**WORK INSTRUCTION:** Taking only the lines of the data below from the line with "FIG. 22.—Showing the" to the line with "iHome manual Model", ends included, write them out exactly and without pictures.

Dataset records
______________________________

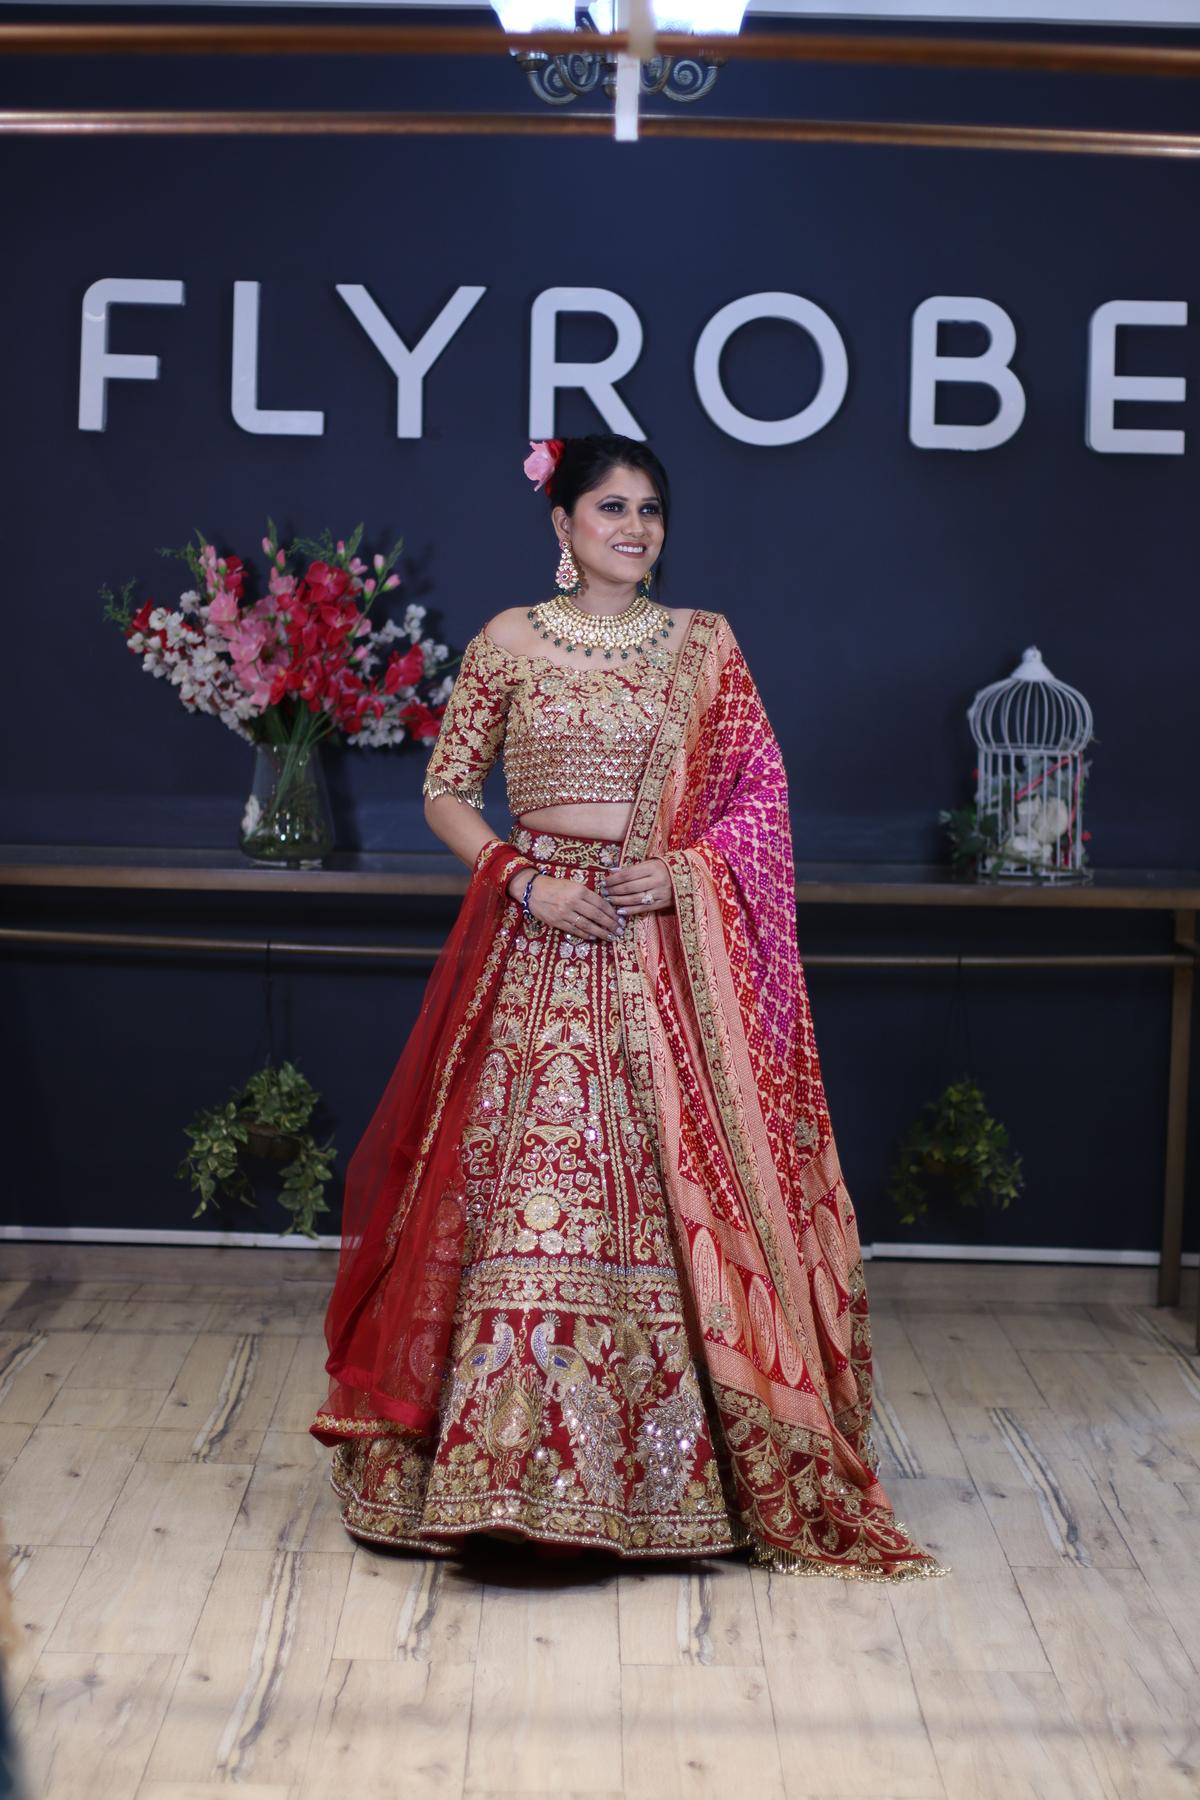 Photo of bride wearing a regal red and gold lehenga
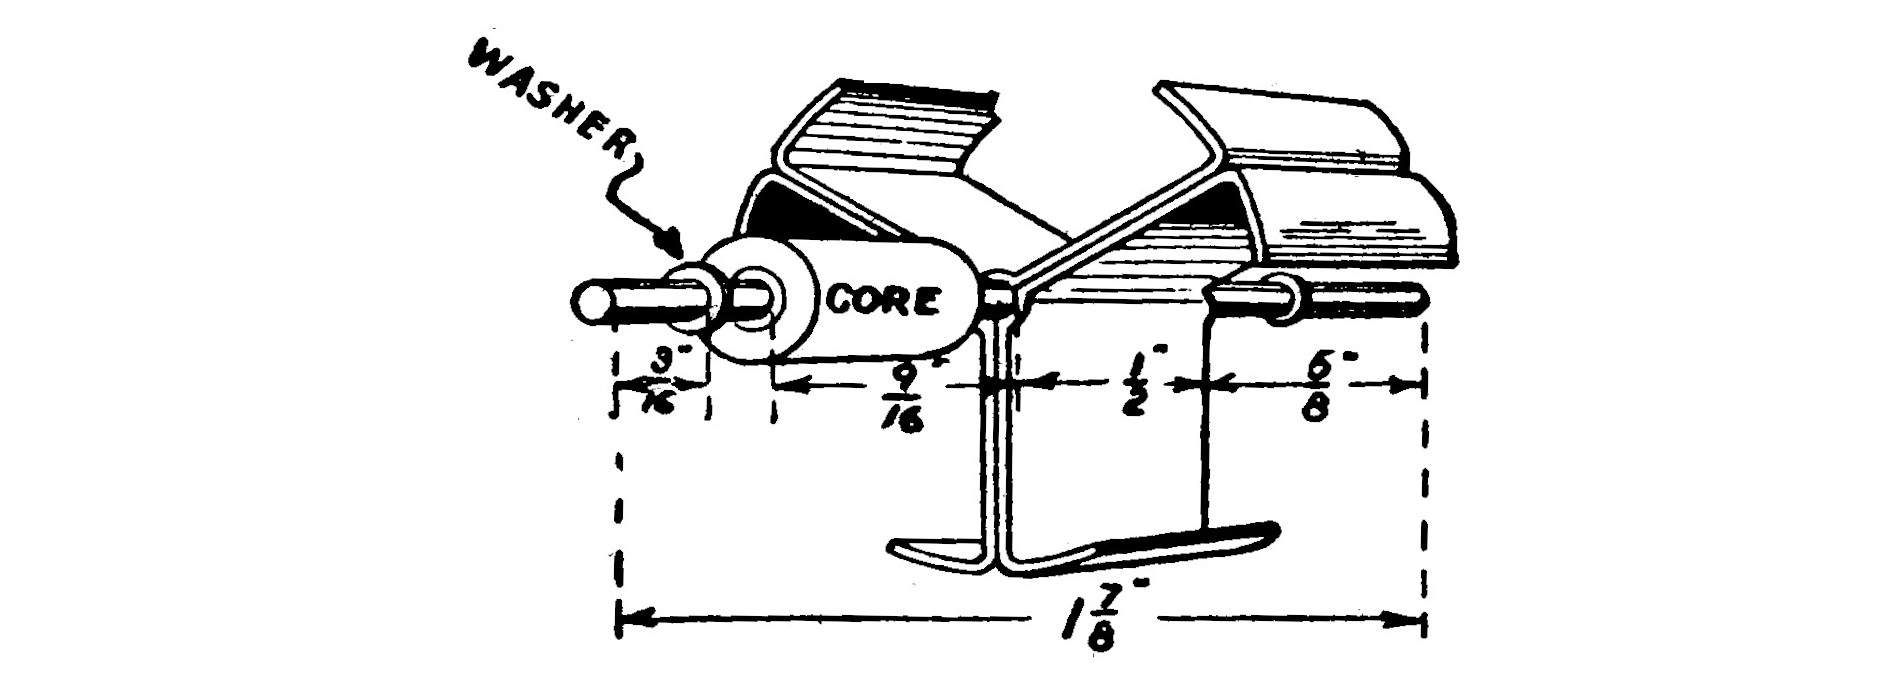 FIG. 22.—Showing the Armature and Shaft with the Commutator Core in position.
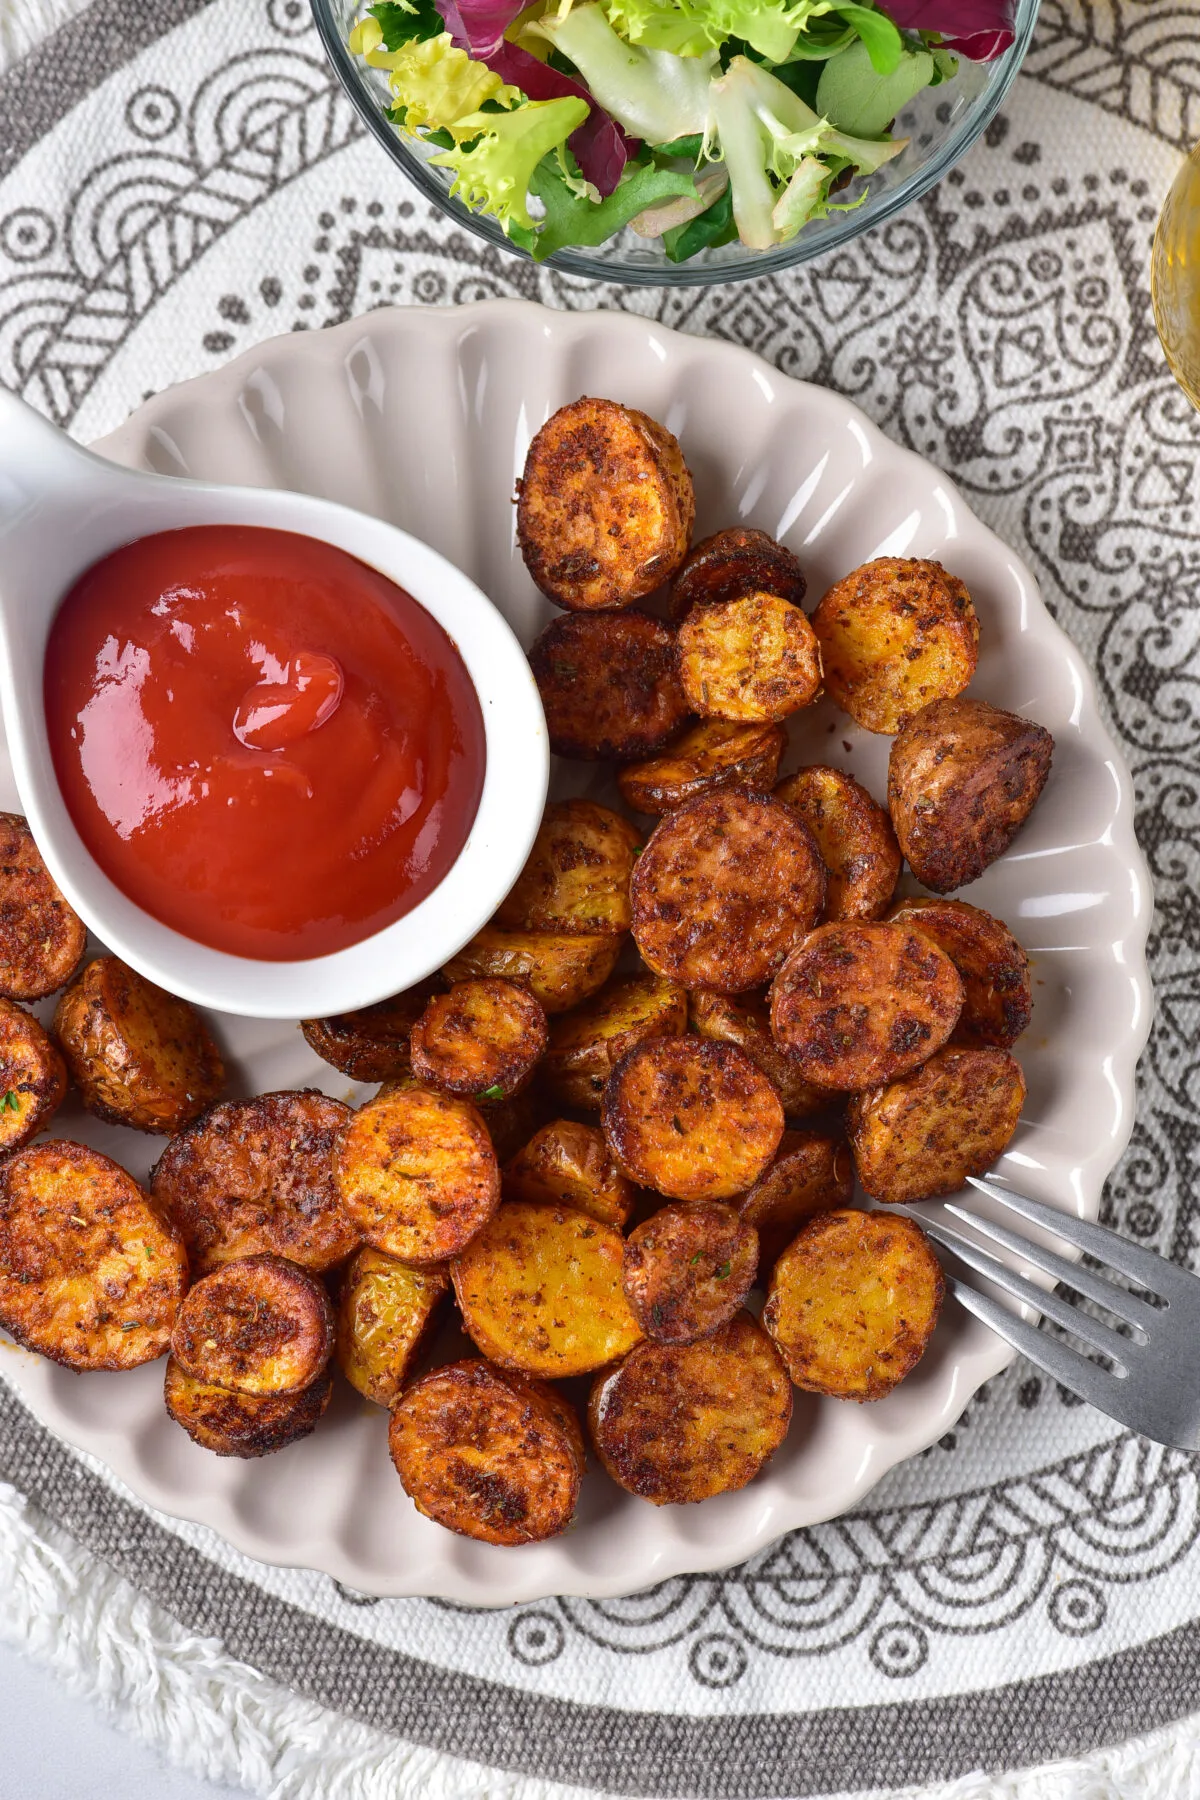 These air fryer baby potatoes are the perfect easy side dish for any meal! They're crispy, delicious, and so easy to make.
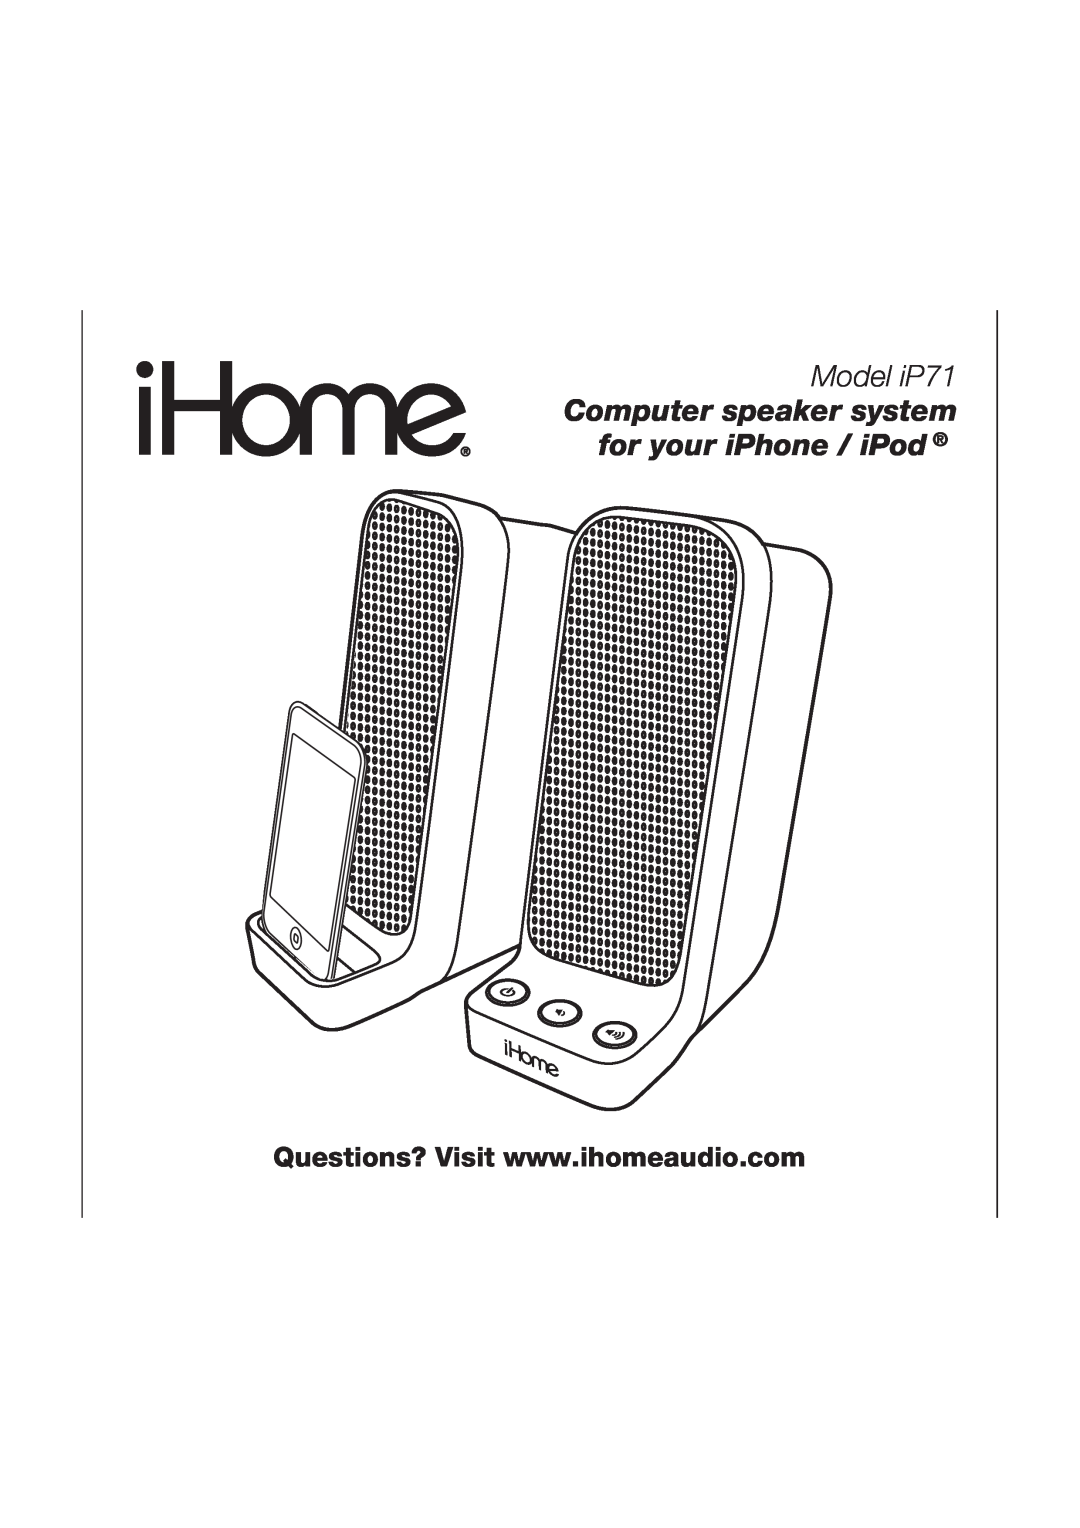 iHome manual Model iP71, Computer speaker system for your iPhone / iPod 
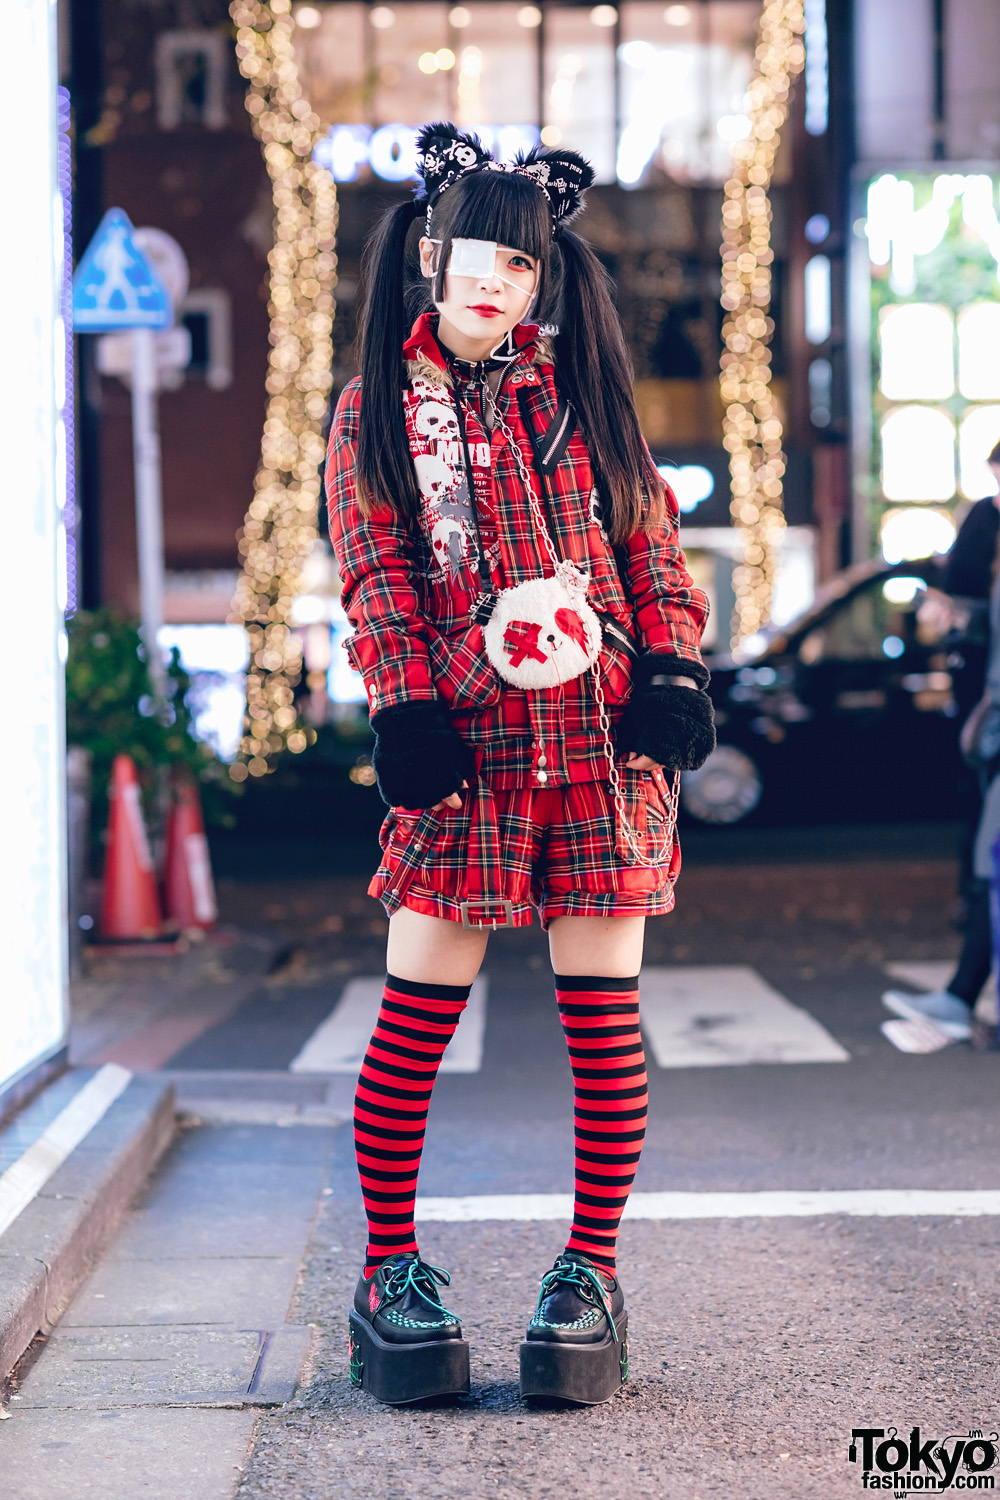 Harajuku Goth Girl in Red Plaid Street Fashion w/ Twin Tails, Cat Ears

______________________________

**SOLUTION FOR THIS TASK:**
 FIG. 22.—Showing the Armature and Shaft with the Commutator Core in position.
 These air fryer baby potatoes are the perfect easy side dish for any meal! They're crispy, delicious, and so easy to make.
 iHome manual Model iP71, Computer speaker system for your iPhone / iPod 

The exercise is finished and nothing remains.